• _Data supplied_:
=== Section Start ===

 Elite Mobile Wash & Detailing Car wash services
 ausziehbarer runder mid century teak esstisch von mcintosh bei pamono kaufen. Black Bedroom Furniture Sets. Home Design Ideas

=== Section End ===
=== Section Start ===

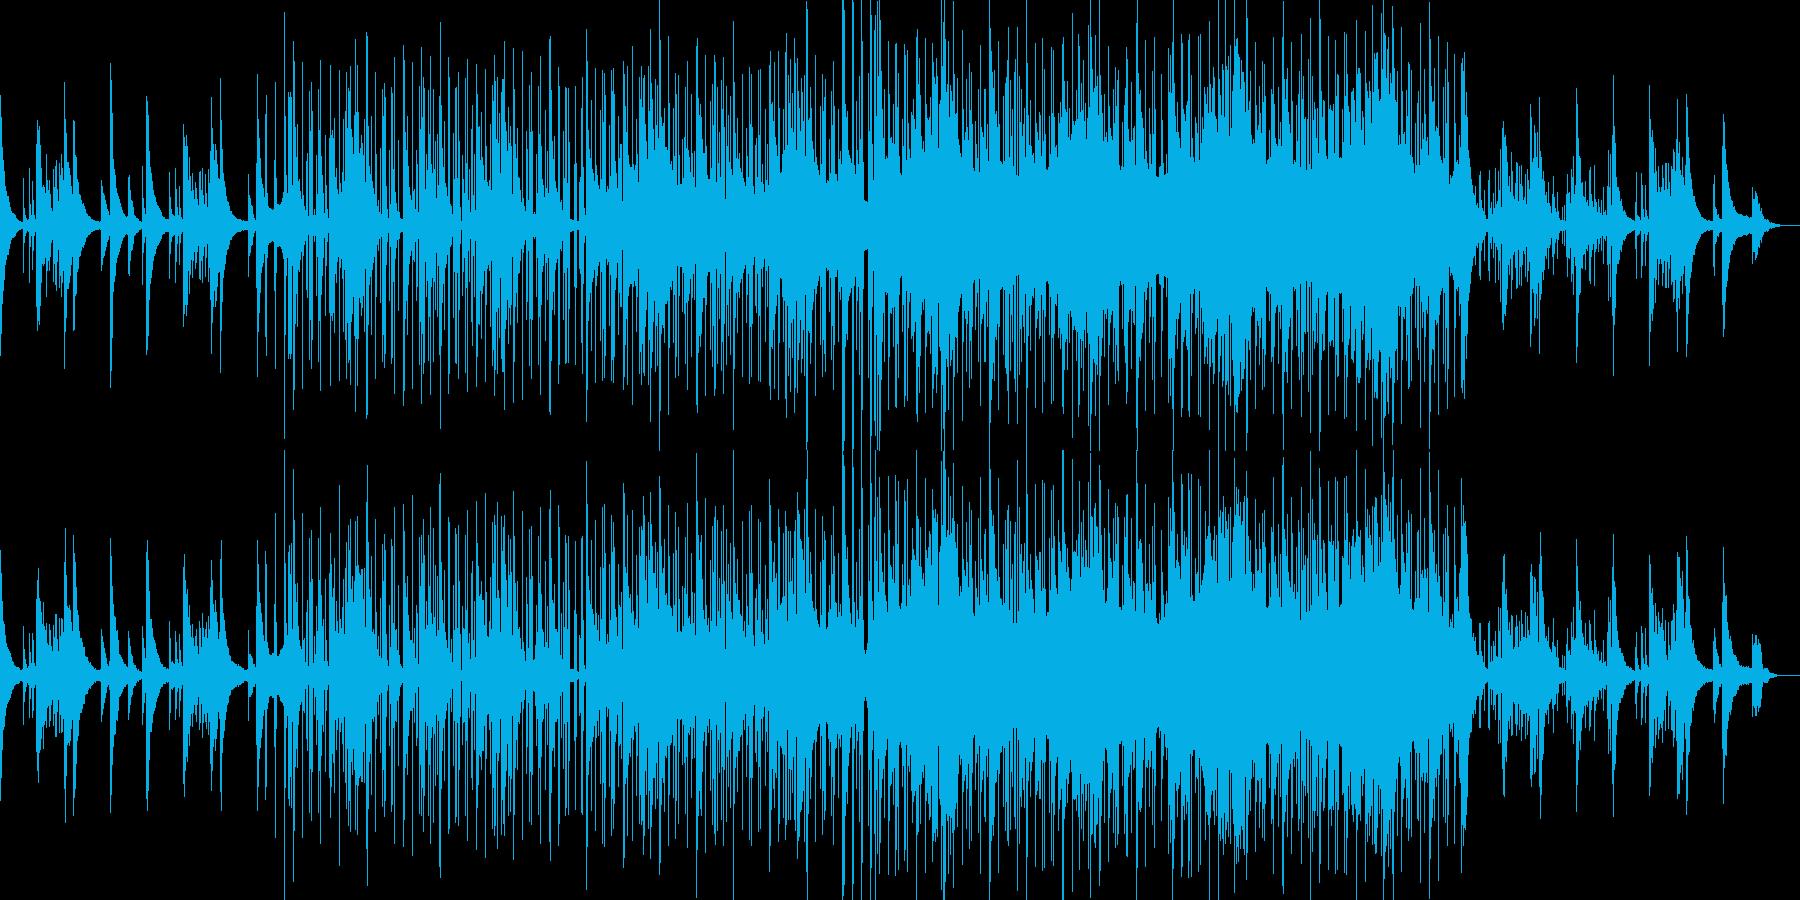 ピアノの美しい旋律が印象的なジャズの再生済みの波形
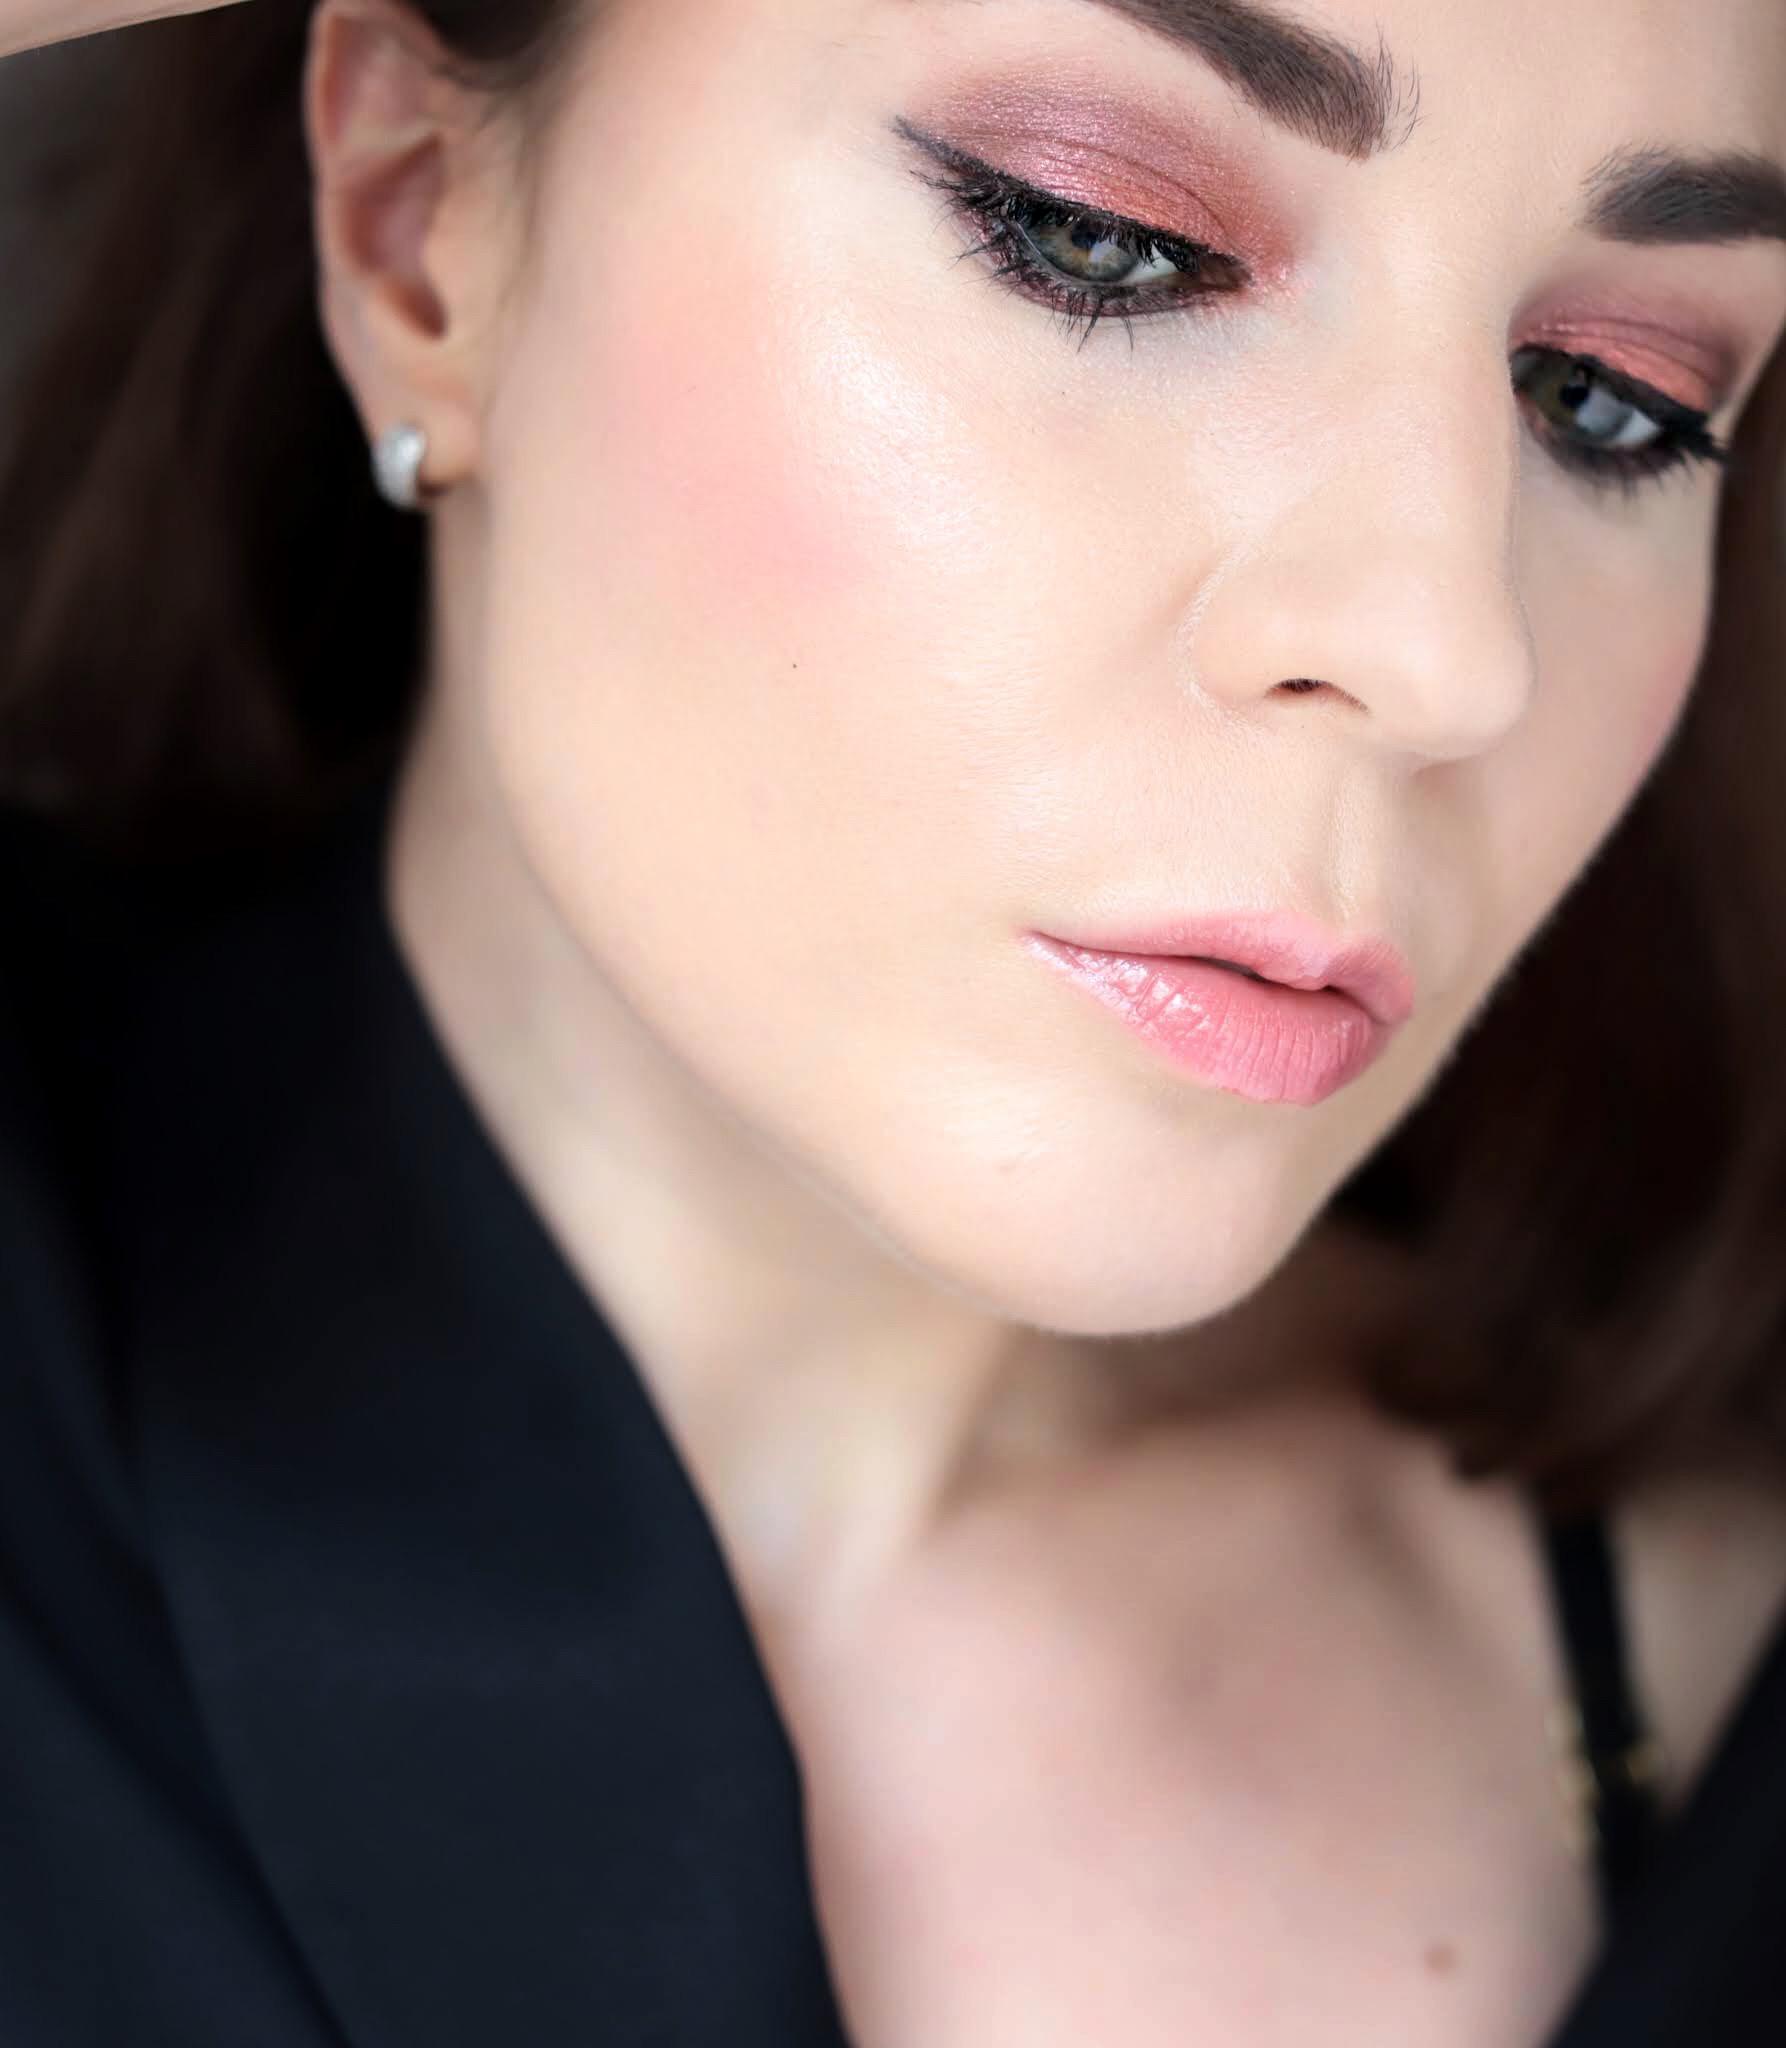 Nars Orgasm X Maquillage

=== Section End ===

• _Problem statement_:
Working from the data above, extract solely the lines from the one containing "Elite Mobile Wash" through the one containing "ausziehbarer runder mid", exactly as they appear, both included.

• _Problem solution_:
 Elite Mobile Wash & Detailing Car wash services
 ausziehbarer runder mid century teak esstisch von mcintosh bei pamono kaufen. Black Bedroom Furniture Sets. Home Design Ideas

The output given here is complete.